Confidence Intervals: What They Actually Mean
Most people misinterpret confidence intervals. Here's the correct interpretation and when to use them.
Key Insights
- A 95% CI means: if you repeated the experiment 100 times, ~95 of those intervals would contain the true parameter
- It does NOT mean there’s a 95% probability the true value is in this specific interval
- Wider intervals mean less precision, not less confidence
Computing a CI for a Mean
import numpy as np
from scipy import stats
data = np.array([23, 25, 28, 22, 26, 24, 27, 25])
n = len(data)
mean = data.mean()
se = stats.sem(data)
ci = stats.t.interval(0.95, df=n-1, loc=mean, scale=se)

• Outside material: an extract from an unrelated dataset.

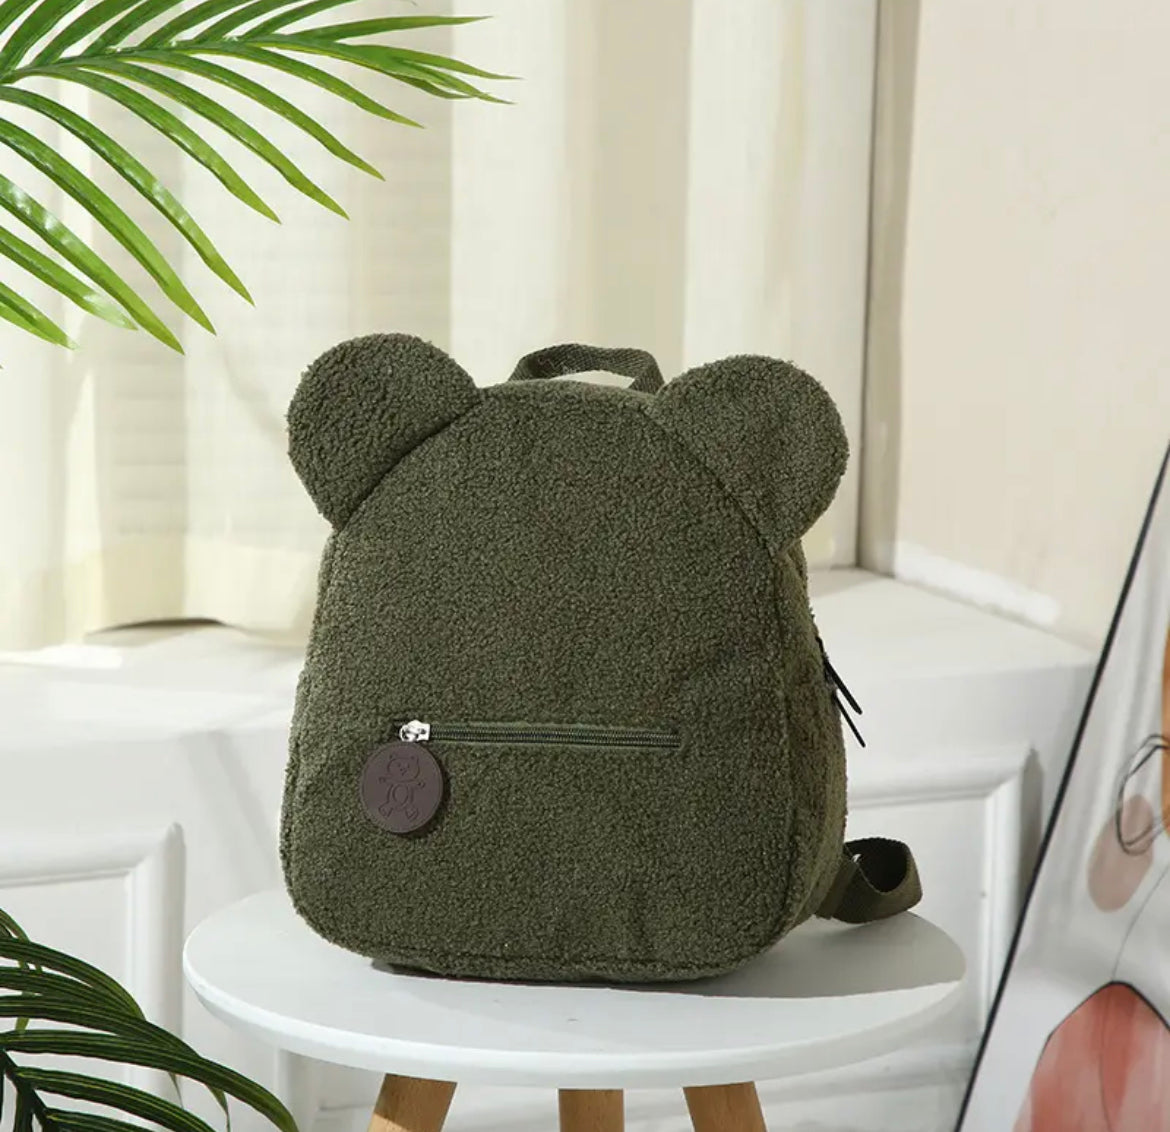 Personalized Embroidered Teddy Bear Backpack

print(f"95% CI: ({ci[0]:.2f}, {ci[1]:.2f})")
Bootstrap Confidence Intervals
When assumptions don’t hold, bootstrap:
def bootstrap_ci(data, stat_func=np.mean, n_boot=10000, alpha=0.05):
boot_stats = [stat_func(np.random.choice(data, size=len(data))) for _ in range(n_boot)]
lower = np.percentile(boot_stats, 100 * alpha / 2)
upper = np.percentile(boot_stats, 100 * (1 - alpha / 2))
return lower, upper
CI vs Hypothesis Test
A 95% CI that excludes zero is equivalent to rejecting H0 at α=0.05. But CIs give you more information: the range of plausible effect sizes.